The plaintiffs said the program was not voluntary because it included punishment for non-participation. Given the size of the penalty and the average compensation for many union employees, the “voluntary” program was mandatory for all intents and purposes. Since employees had to share information from medical exams and personal health assessments with multiple wellness vendors, the suit alleged that that program violated two federal laws that protect employee privacy, the Americans with Disabilities Act (ADA) and Genetic Information Nondiscrimination Act (GINA).

It is important to note that Yale is not the only employer who had a lawsuit filed against it for an employee wellness program. Similar suits have been filed across the country, including cases from government agencies against employers.

Regulatory Environment

Prior to the Yale lawsuit, a ruling from the U.S. District Court for the District of Columbia vacated the original U.S. Equal Employment Opportunity Commission (EEOC) guidance. The ruling argued that the EEOC did not explain the reasoning behind wellness plan compliance obligations with respect to the ADA and GINA. As a result, the EEOC had to reconsider the two regulations surrounding employer-sponsored wellness programs.

On January 7, 2021, the EEOC released the proposed language revising the wellness incentive rules under the ADA and GINA. Before the updated rules had been approved, the Biden administration withdrew the regulations from publication in the Federal Register. The EEOC subsequently confirmed the rules “have been withdrawn from the Office of the Federal Register and removed from the EEOC’s website.”

The new rules, which are expected to be released in 2022, will likely draw a hard line that clinical programs (wellness programs that require employees to disclose clinical or protected health information) must remain voluntary. This means that worksite wellness programs that offer incentives or apply penalties to employees to encourage the completion of biometric screenings, health risk assessments, and other initiatives requiring them to share health information will be in violation.

Fortunately, these programs (biometric screenings and health risk assessments, in particular) offer little value, as has been identified through several studies. With the new ruling, employers will likely accelerate their migration away from these programs (according to a number of reports, this is already occurring but not as quickly as one would expect).

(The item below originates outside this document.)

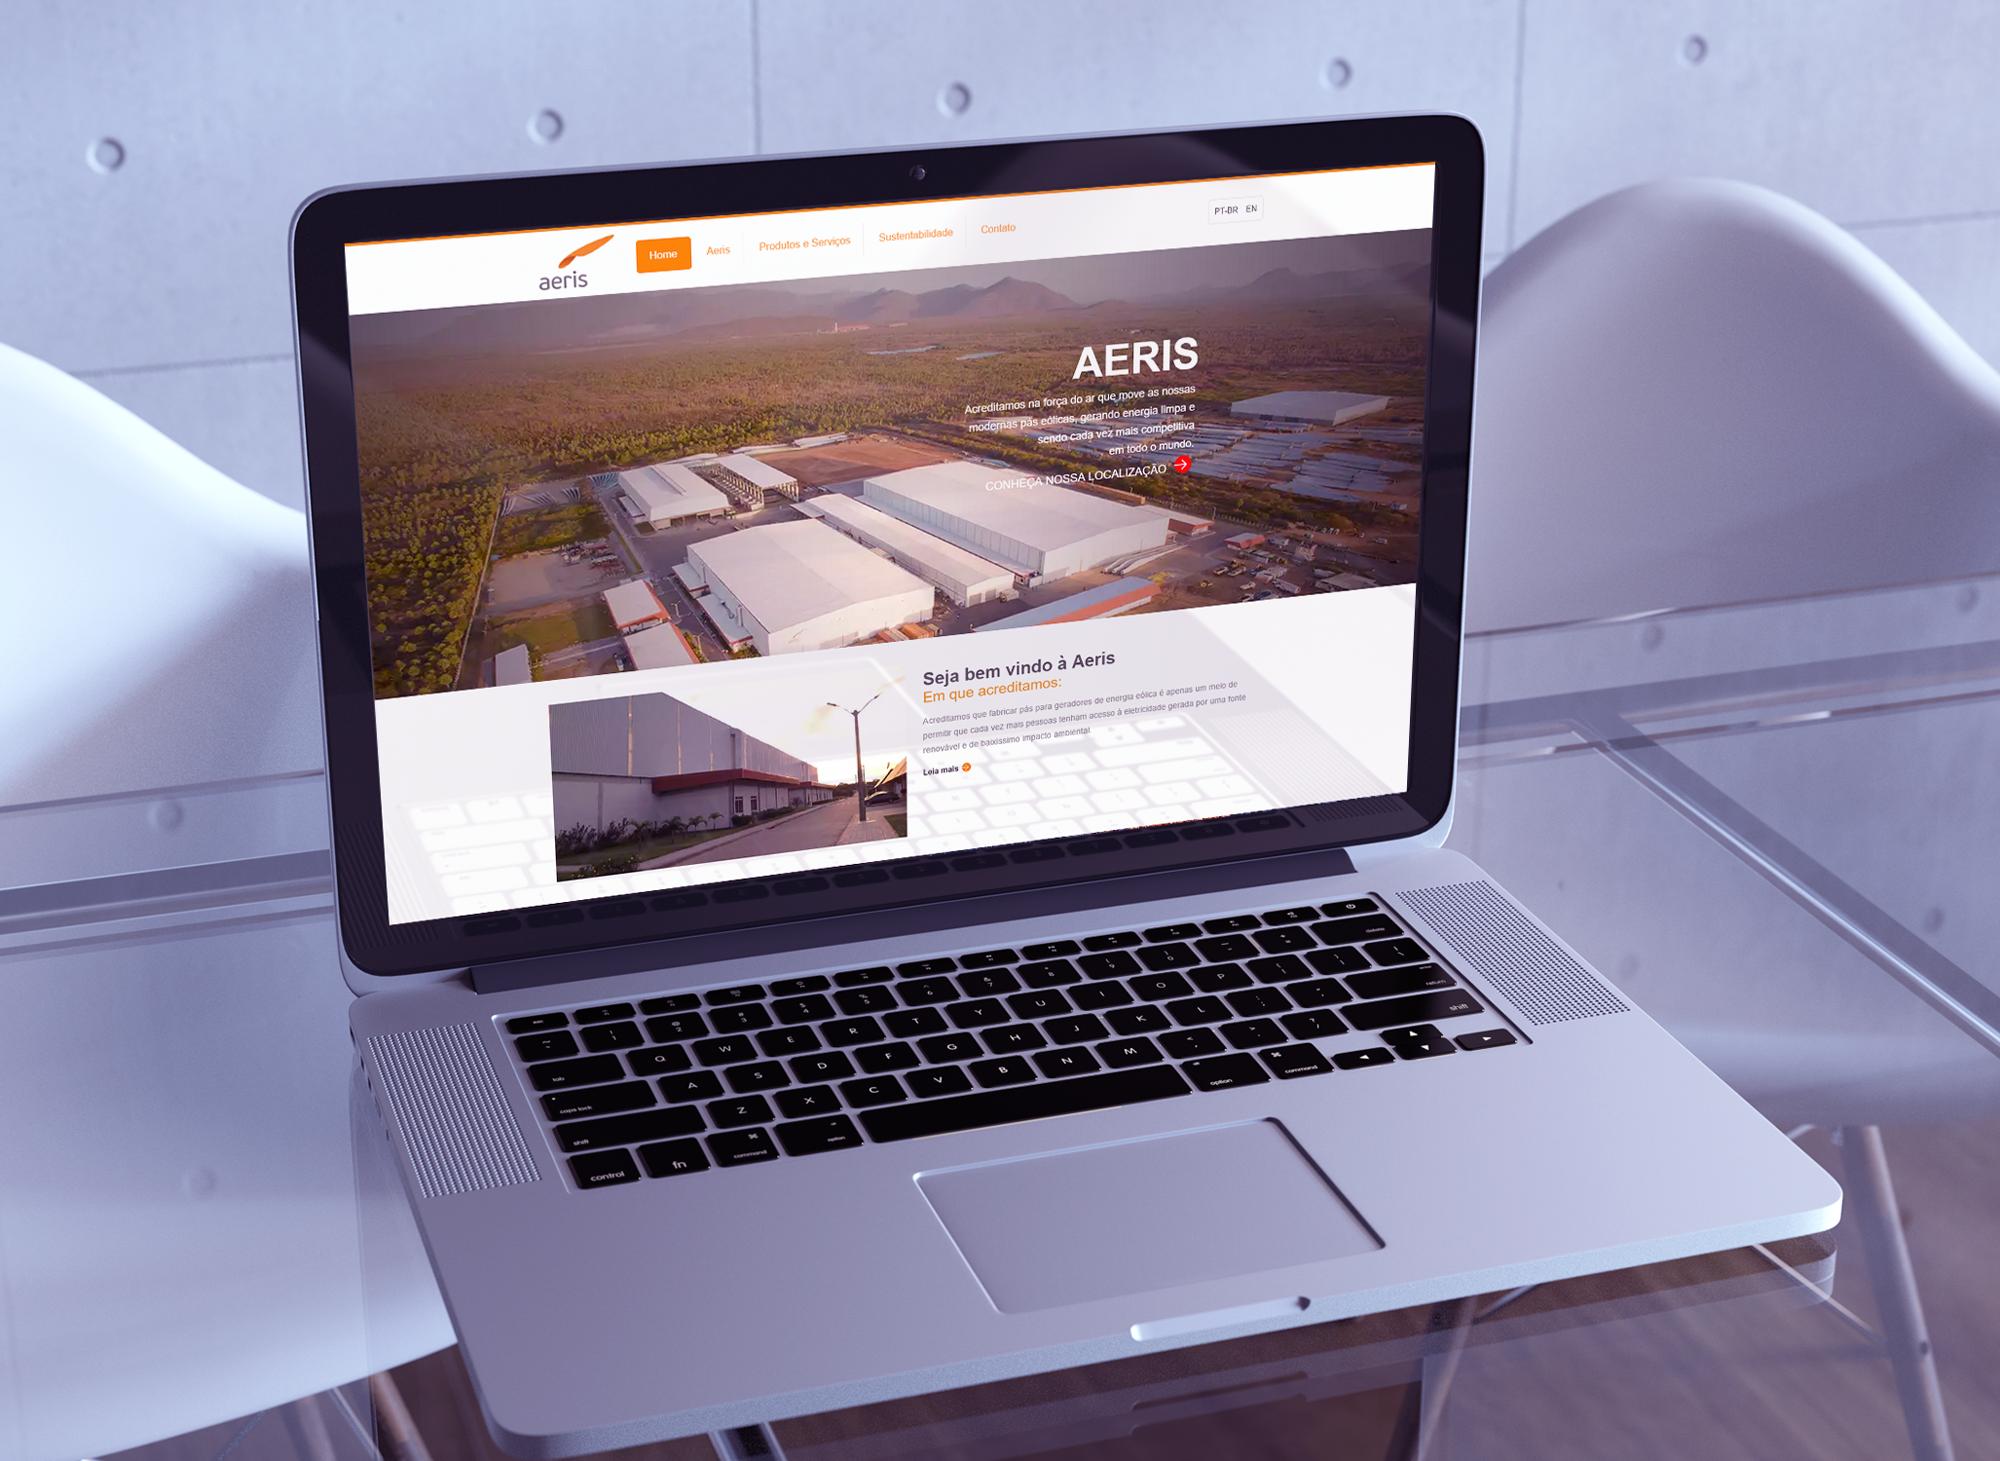 site-aeris-portfolio-agencia-diretriz-digital-marketing-fortaleza1
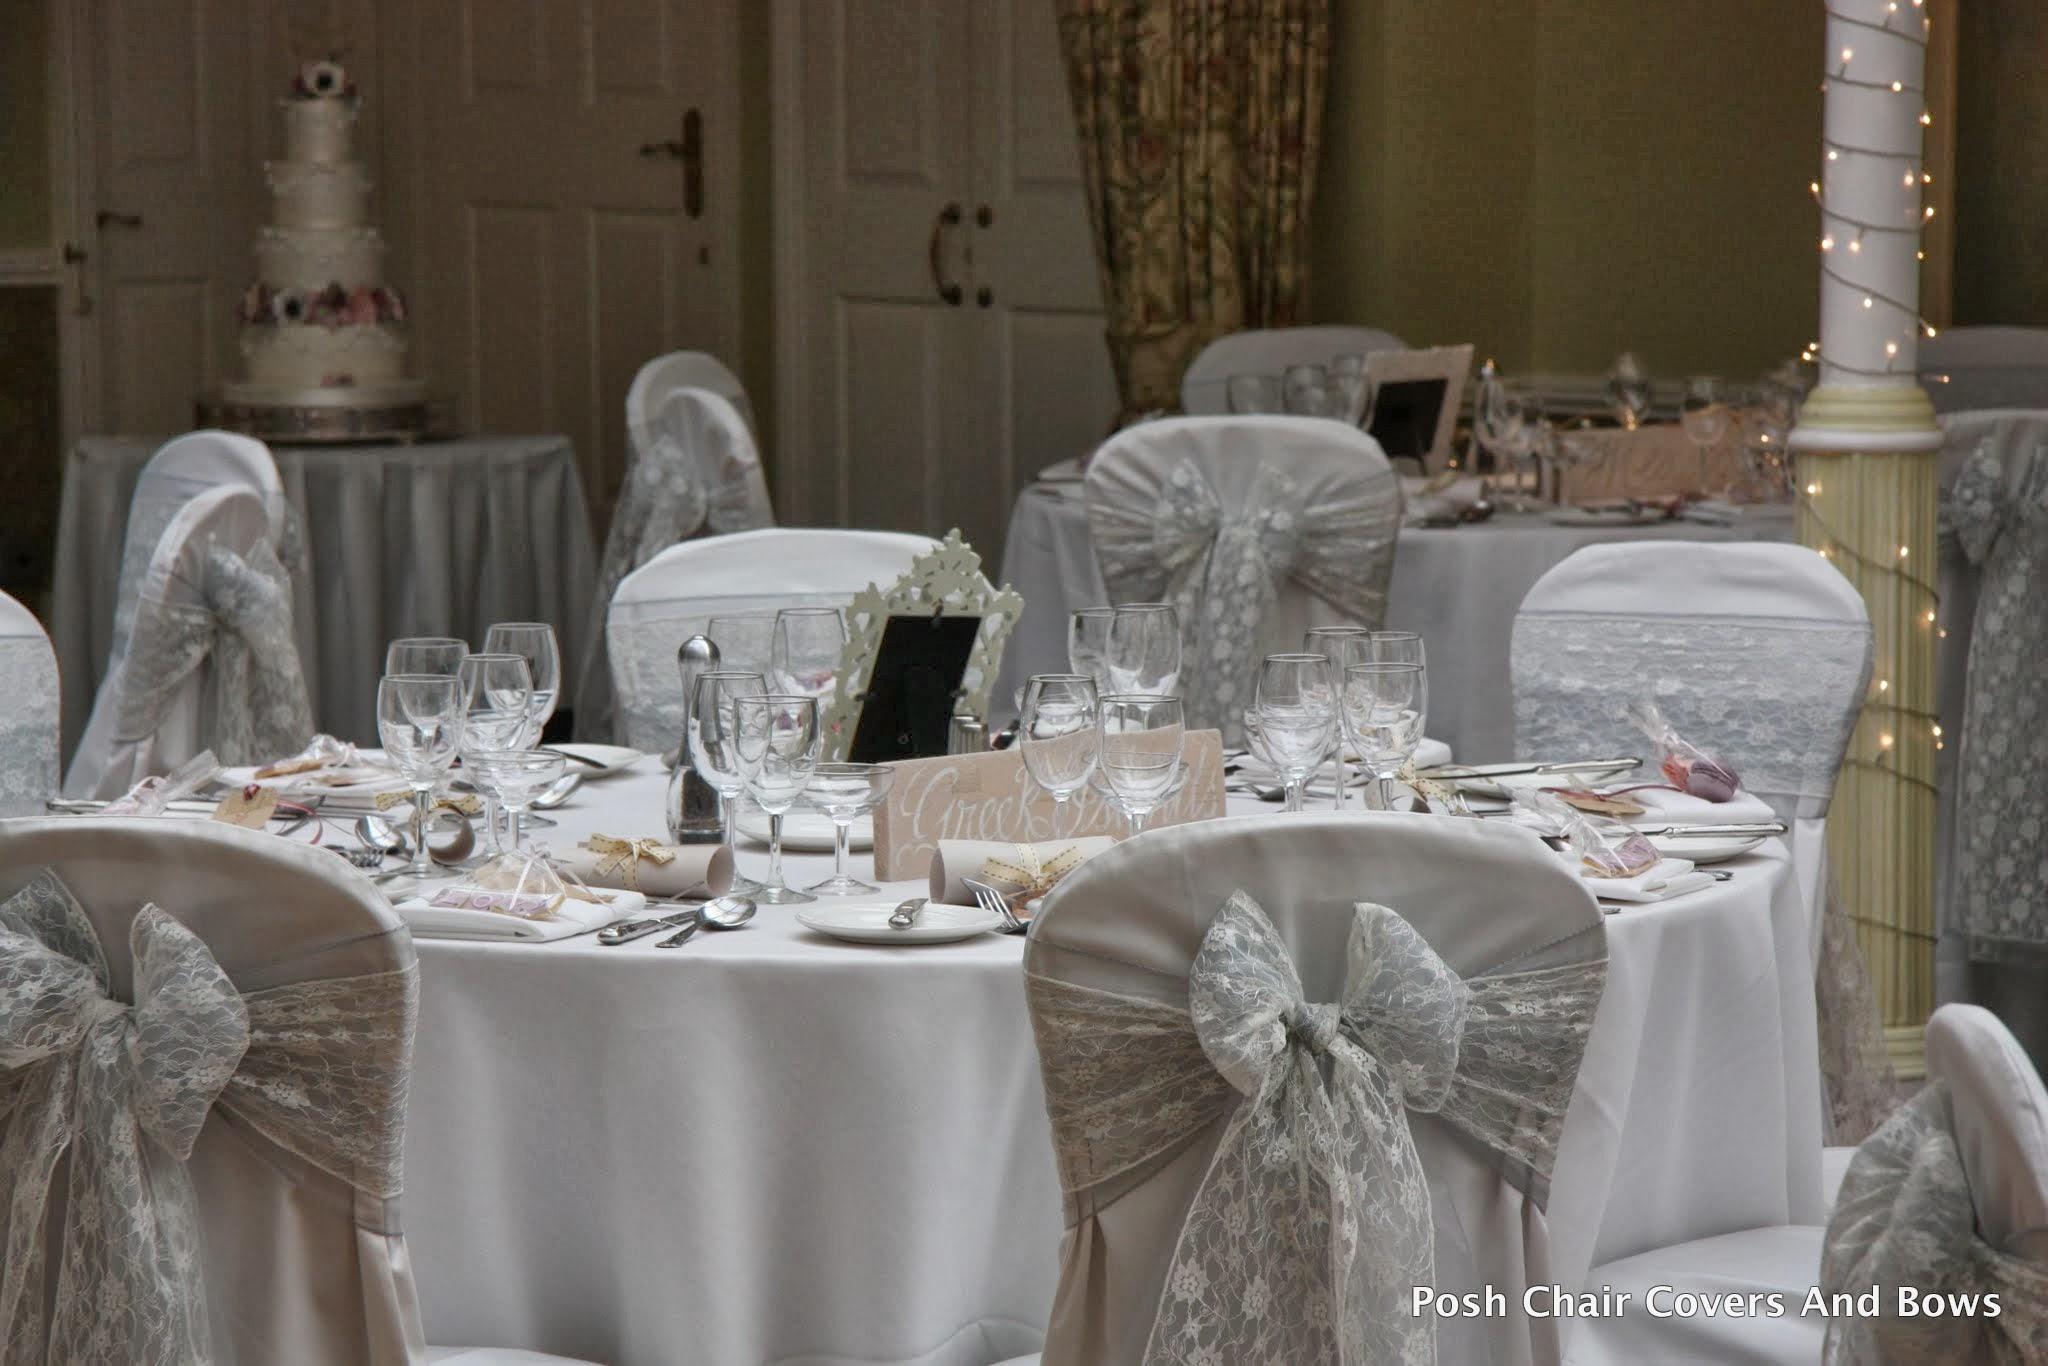 Fine Posh Chair Covers Bows Flower Wall Chiavari Chairs Machost Co Dining Chair Design Ideas Machostcouk

Some employers may choose to comply by keeping their biometric screening and health risk assessments in place and offering an alternative for these programs. Wellness expert Al Lewis describes how this works on a Whiteboard Wednesday session. He gives this example: if an employee can accumulate 100 points by participating in clinical assessments, companies should also offer several non-clinical programs employees can participate instead, such as Wellable and wellness challenges. The key is that the non-clinical options must add up to the 100 as well, so the employee has an equal opportunity to meet the incentive without being forced to share their personal health information.

Settlement

Under terms of the settlement, Yale will continue to offer their employee wellness program but will not charge opt-out fees for four years. The university will also change its practices regarding the transfer of health data in connection with the program and pay $1.29 million, to be distributed among employees covered by the wellness program and to cover attorneys’ fees and costs.

As the new rules become finalized and the pressure from settlements like Yale’s continue to arise, employers serving as defendants in lawsuits will likely choose to settle as well and adapt their programs accordingly. The winner in these outcomes is everyone. Employees get a fairer, better wellness program, and employers take an important step toward a more effective employee wellness initiative.